> [About this task] Going line by line through the records below, write out everything starting with the line containing "Intricate Half Moon" and going on through the line containing "Allooking 8-43v 200ma", exactly and inclusively. Pictures do not go in.

> [Supplied records]
=====
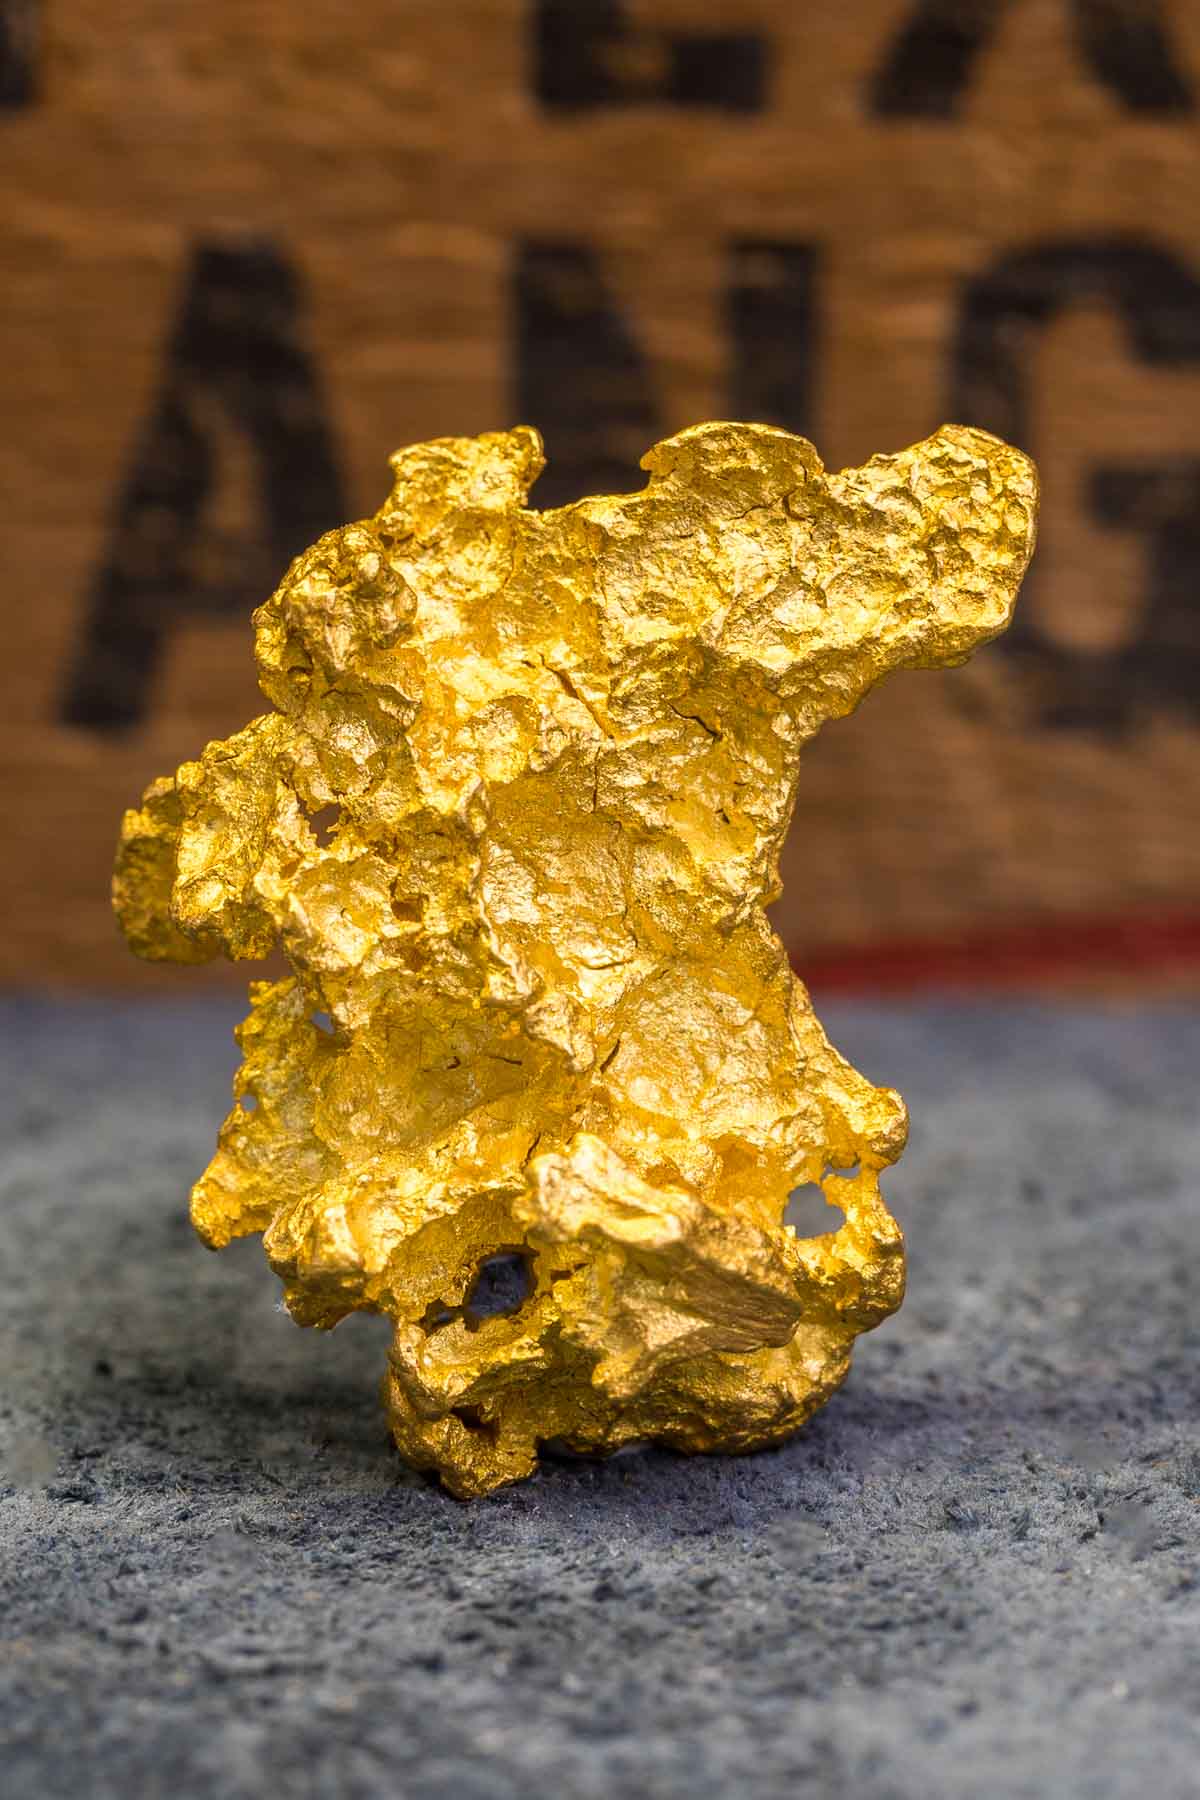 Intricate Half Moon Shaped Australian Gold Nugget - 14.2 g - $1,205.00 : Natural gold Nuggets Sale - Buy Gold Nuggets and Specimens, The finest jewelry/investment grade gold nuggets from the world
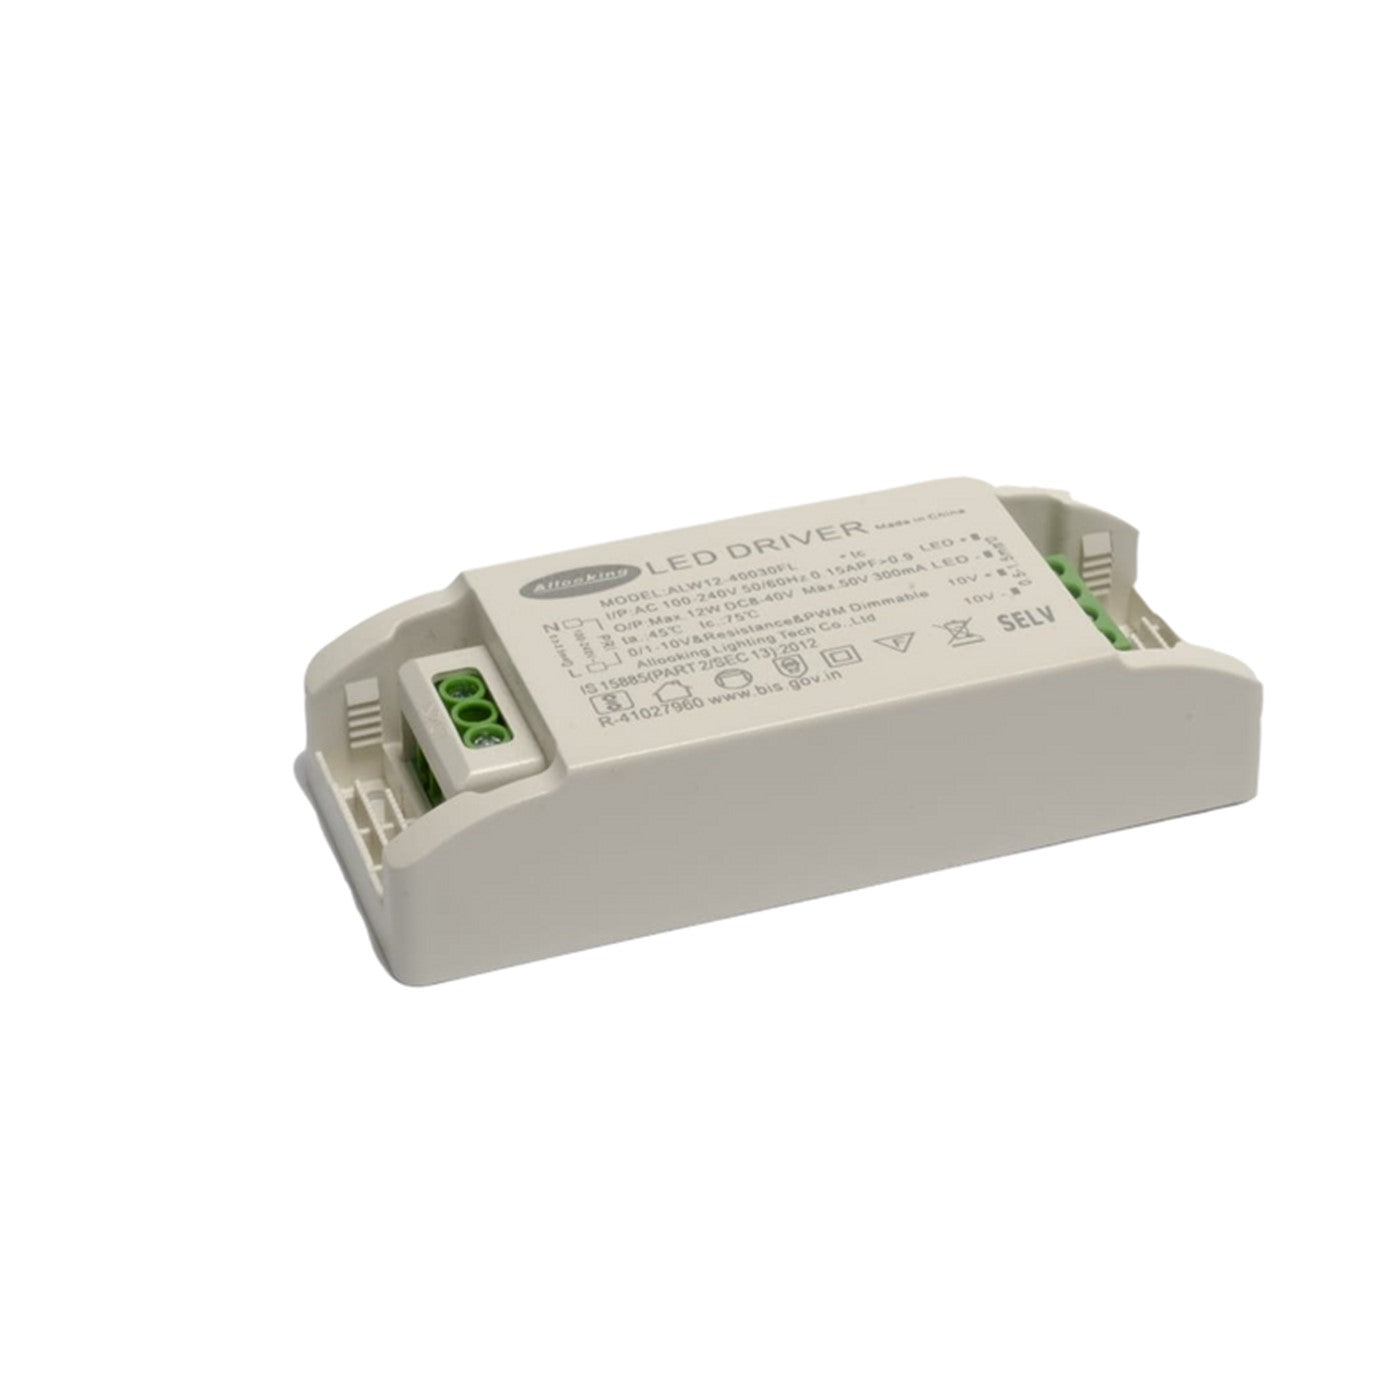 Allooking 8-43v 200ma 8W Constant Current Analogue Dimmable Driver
=====
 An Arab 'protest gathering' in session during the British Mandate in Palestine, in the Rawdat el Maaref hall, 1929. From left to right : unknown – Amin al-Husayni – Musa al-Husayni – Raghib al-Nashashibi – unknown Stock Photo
=====
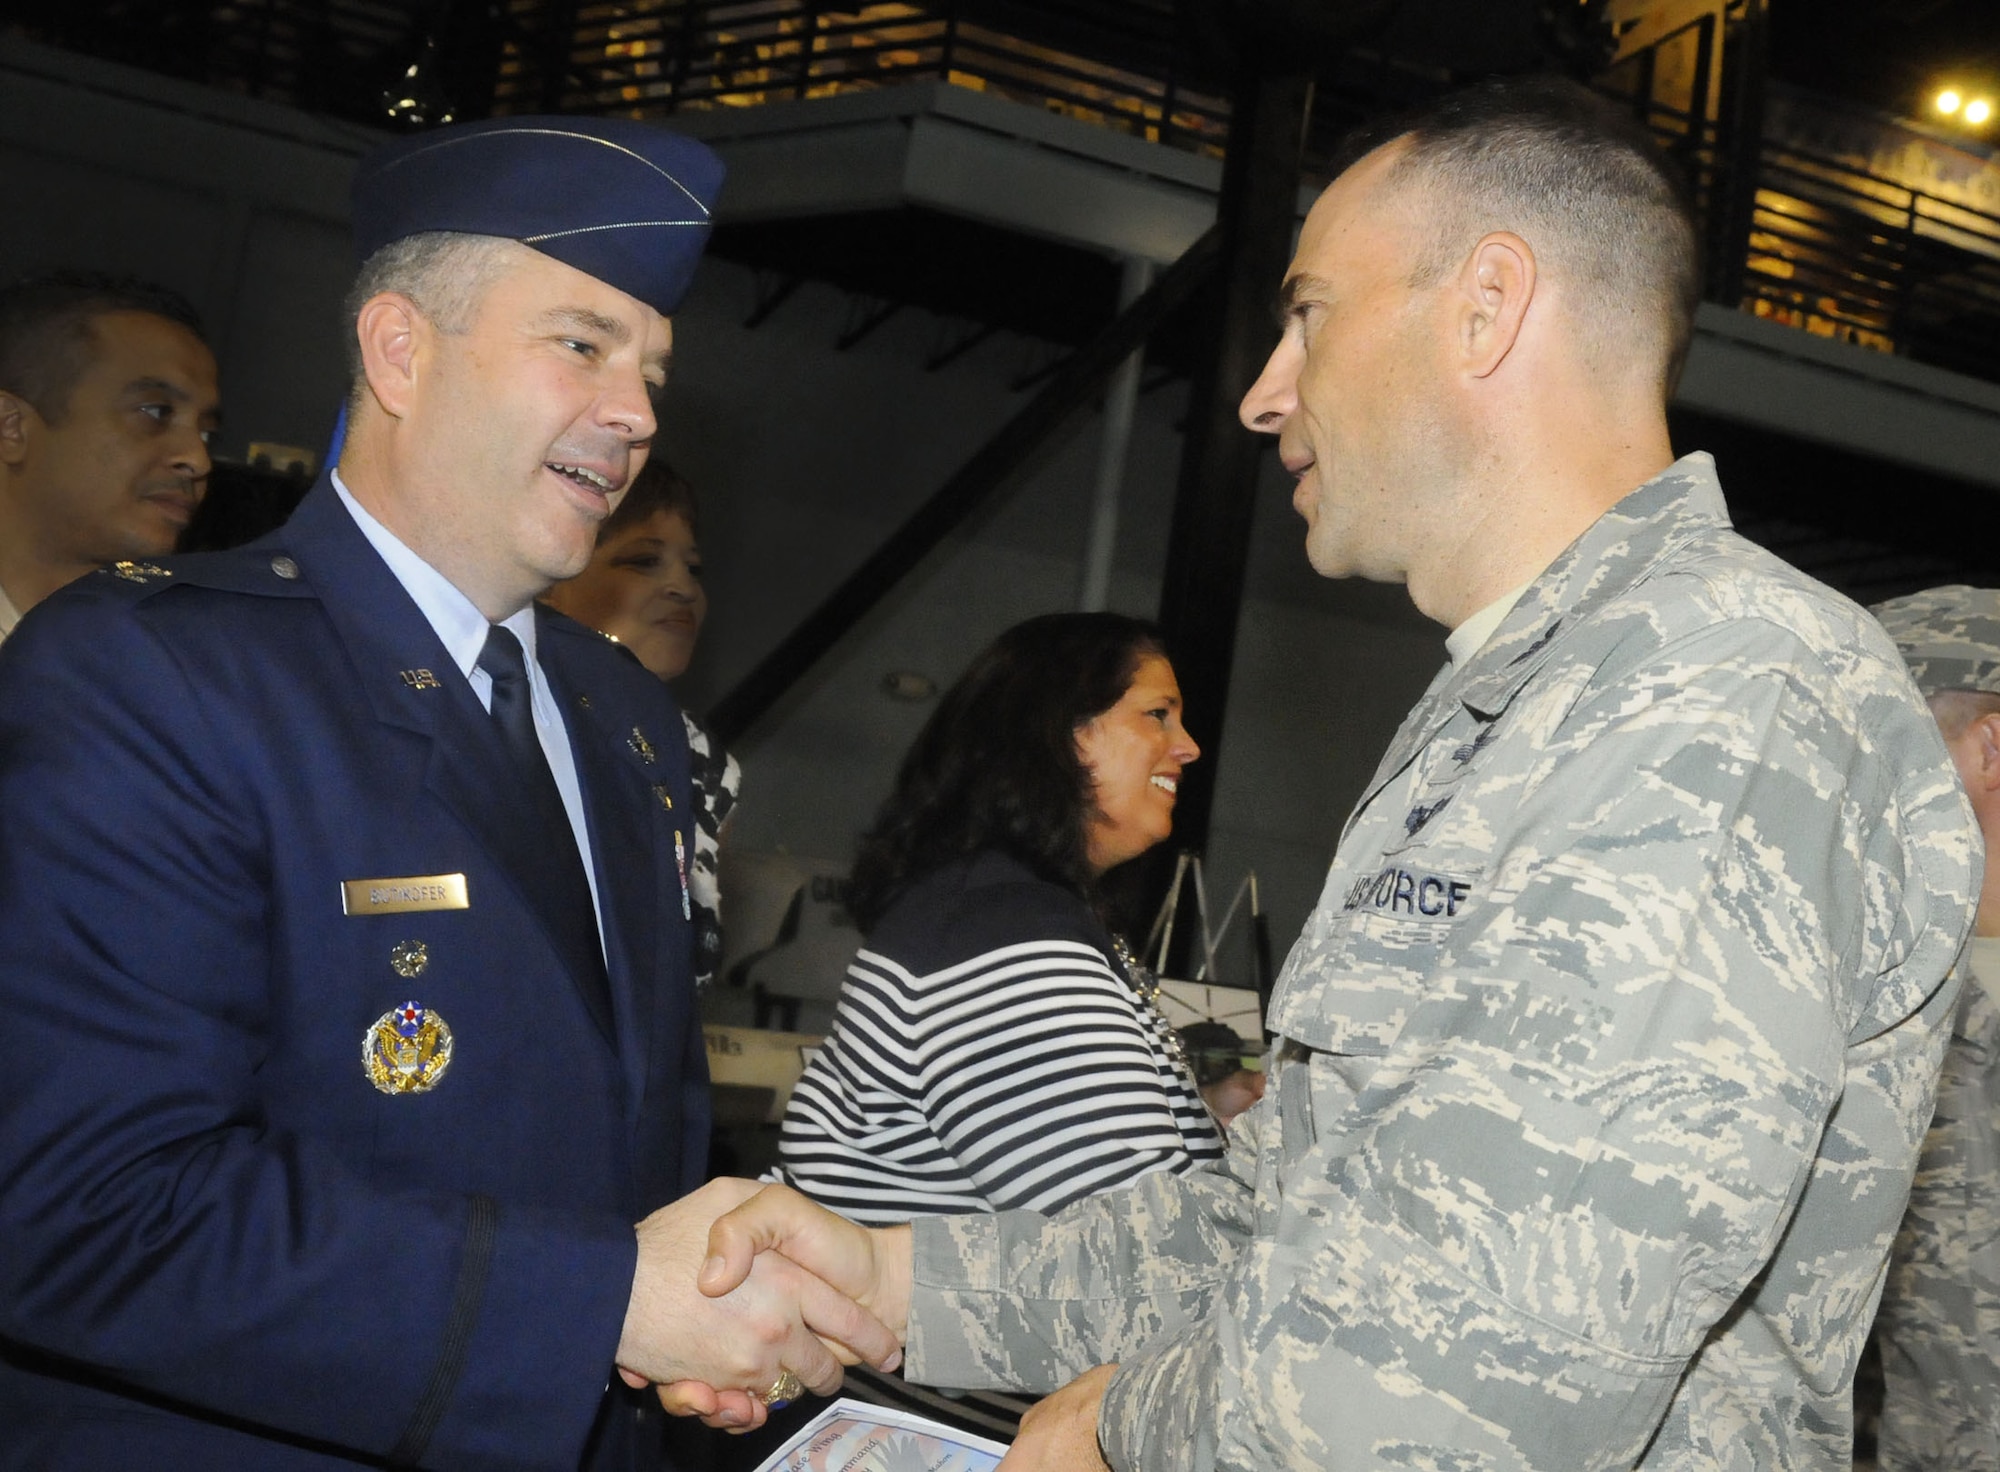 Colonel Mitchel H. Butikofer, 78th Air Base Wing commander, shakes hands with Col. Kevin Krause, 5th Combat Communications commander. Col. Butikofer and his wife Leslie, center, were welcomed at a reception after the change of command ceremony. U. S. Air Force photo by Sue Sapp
=====
> [Solution for this exercise]
 Intricate Half Moon Shaped Australian Gold Nugget - 14.2 g - $1,205.00 : Natural gold Nuggets Sale - Buy Gold Nuggets and Specimens, The finest jewelry/investment grade gold nuggets from the world
 Allooking 8-43v 200ma 8W Constant Current Analogue Dimmable Driver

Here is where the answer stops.